„Investitionen in die Sprachkompetenz wären dringend geboten“
Fünf Fragen an Wilfried Bergmann
Koordinator der Arbeitsgruppe Bildung und Wissenschaft im Petersburger Dialog
Wo stehen wir im deutsch-russischen Verhältnis?
Trotz einiger Abkühlungen im generellen politischen Bereich der deutsch-russischen Beziehungen ist im Bereich Bildung und Wissenschaft die Zusammenarbeit cum grano salis unverändert gut. Dabei ist zu berücksichtigen, dass zahlreiche langjährige Kontakte nicht durch kurzfristige Eintrübungen in anderen Bereichen direkt tangiert werden, da diese zu stabilen vertrauensbildenden Maßnahmen geführt haben. Sicher: Bessere allgemeinpolitische Beziehungen strahlen immer auch positiv auf alle Felder der Zusammenarbeit aus.
Beide Seiten haben ein großes Interesse am Wissenschaftsaustausch und der fachlichen Kooperation. Dies gilt besonders für die gesellschaftlichen Implikationen wissenschaftlicher Erkenntnisse.
Im Bildungsbereich ist der Austausch wegen systemischer Unterschiede in beiden Ländern immer schwieriger gewesen. Hier macht sich auch das negative Russlandbild in Deutschland stärker bemerkbar. Auch wirkt sich aus, dass die wechselseitige Anerkennung gegenseitiger Studienleistungen verbesserungsbedürftig bleibt.
Nach 30 Jahren Vernunftehe scheint die deutsch-russische Liaison zerrüttet. Lohnt sich eine Mediation?
Jedenfalls für den Bereich Bildung und Wissenschaft erscheint mir eine Mediation weder notwendig noch zielführend.
Was trennt, was eint Russen und Deutsche heute?
Neben langwierigen Anbahnungsverläufen für neue Kooperationen hemmen systemische Unterschiede vor allem im Bildungsbereich die Zusammenarbeit. Dazu kommt, dass die finanzielle Ausstattung auf beiden Seiten deutlich steigerungsfähig wäre.
Im Wissenschaftsbereich eint vor allem die methodische Parallelität in vielen Feldern die Zusammenarbeit. Dabei wirkt sich (gefühlt) aus, dass das kontinentale Bildungs- und Wissenschaftsverständnis (noch) deutlich mehr Wertschätzung als das anglo-saxonische genießt.

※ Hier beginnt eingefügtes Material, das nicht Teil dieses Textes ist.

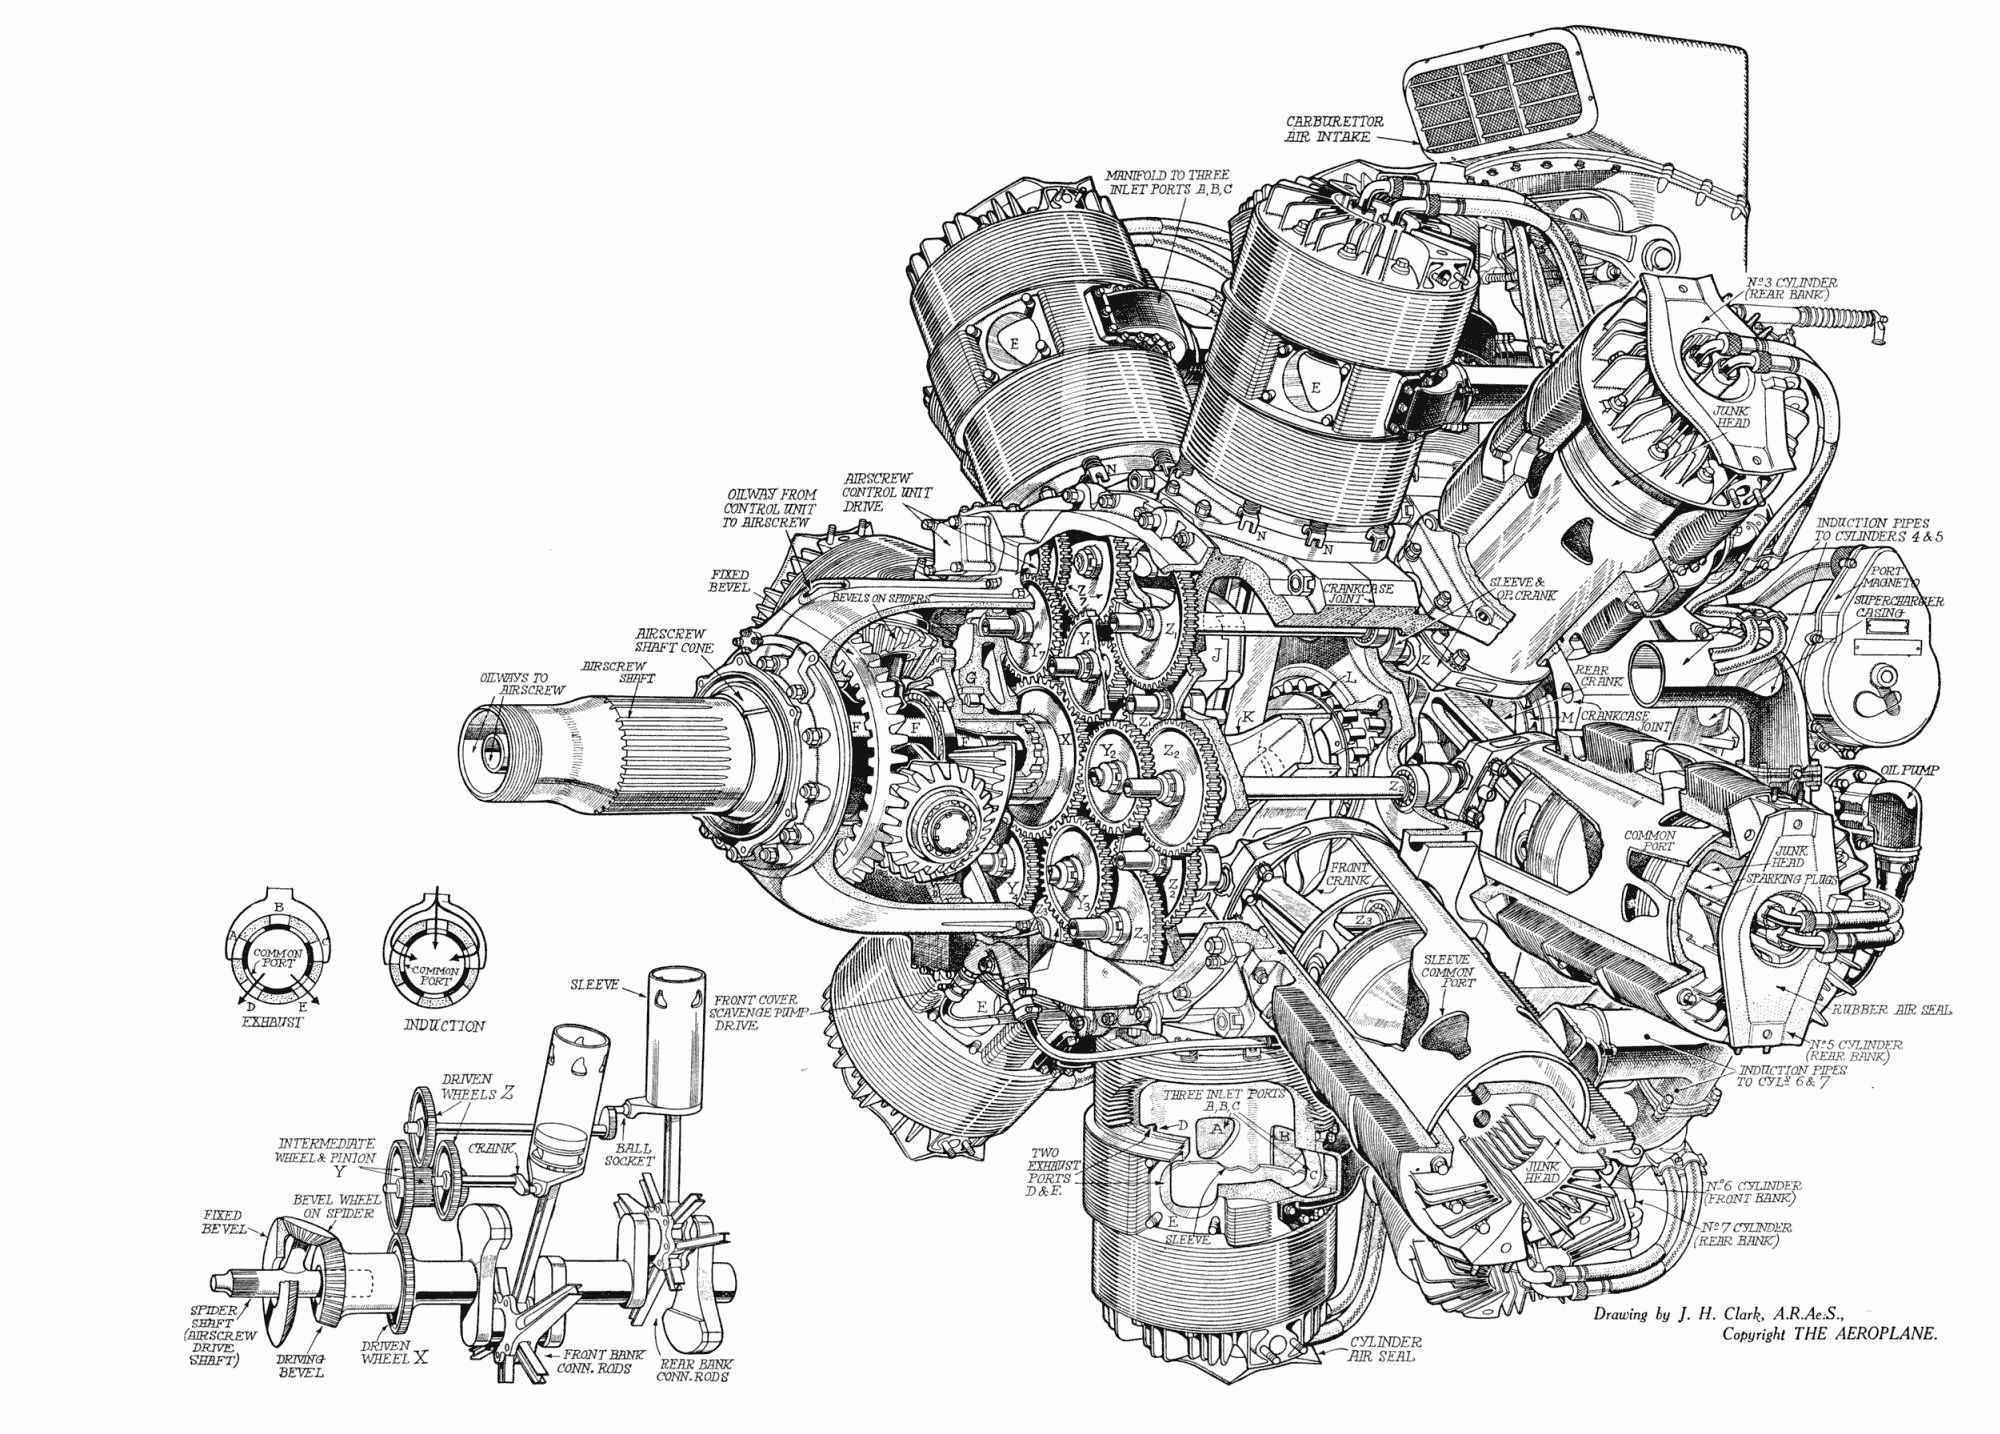 Hercules XVI Rotary Engine cutaway drawing

Hier ist aber eine Trendwende zu erwarten (zu befürchten), zumal – neben dem Vorteil der englischen Sprache, bei rückläufigen Deutsch- bzw. Russischkenntnissen in der jüngeren Generation – die (insbesondere) amerikanischen Finanzmittel ihre Wirkung nicht verfehlen. Eine deutliche Steigerung der Investitionen in die Sprachkompetenz wäre dringend geboten.
Was wird das wichtigste Thema Ihrer Arbeitsgruppe im kommenden Jahr?
Da einige Fachgebiete (u. a. Theologie, Medizin, Ökologie) in eigene Arbeitsgruppen behandelt werden, fokussiert es sich in der AG Bildung und Wissenschaft in diesem und dem nächsten Jahr auf anwendungsbezogene Themen. Hier sind besonders zu nennen: Rechts-, Wirtschafts- und Sozialwissenschaften einschließlich der gesellschaftspolitischen Folgen (z. B. Veränderungen/Ängste infolge Digitalisierung; Migrationsprobleme, kommunale/regionale Demokratisierung einschließlich Subsidiarität und Wertedialog).
Aktuelle Probleme (z. B. Corona und ihre Folgen für Bildung und Wissenschaft) müssen zunehmend einbezogen werden, wie veränderte Anforderungen an Leadership-Modelle der nachwachsenden Generation. Zudem soll (in Zusammenarbeit mit der AG Ökologie) das Thema des Klimawandels (einschließlich Energiepolitik) mit seinen vielfältigen Auswirkungen thematisiert werden.
Wagen Sie eine Prognose: Wie sieht das deutsch-russische Mit- oder Gegeneinander in zehn Jahren aus?
Ich gehe davon aus (und das ist mehr als nur ein Wunschdenken!), dass das deutsch-russische Verhältnis in zehn Jahren in Bildung und Wissenschaft sich weiter stabilisiert haben wird, da auch die Globalisierung/internationale Vernetzung diese Kooperationen notwendiger macht. Das setzt aber voraus, dass Störungen aus anderen Bereichen wenig/keinen Einfluss auf Bildung und Wissenschaftskooperationen nehmen wird.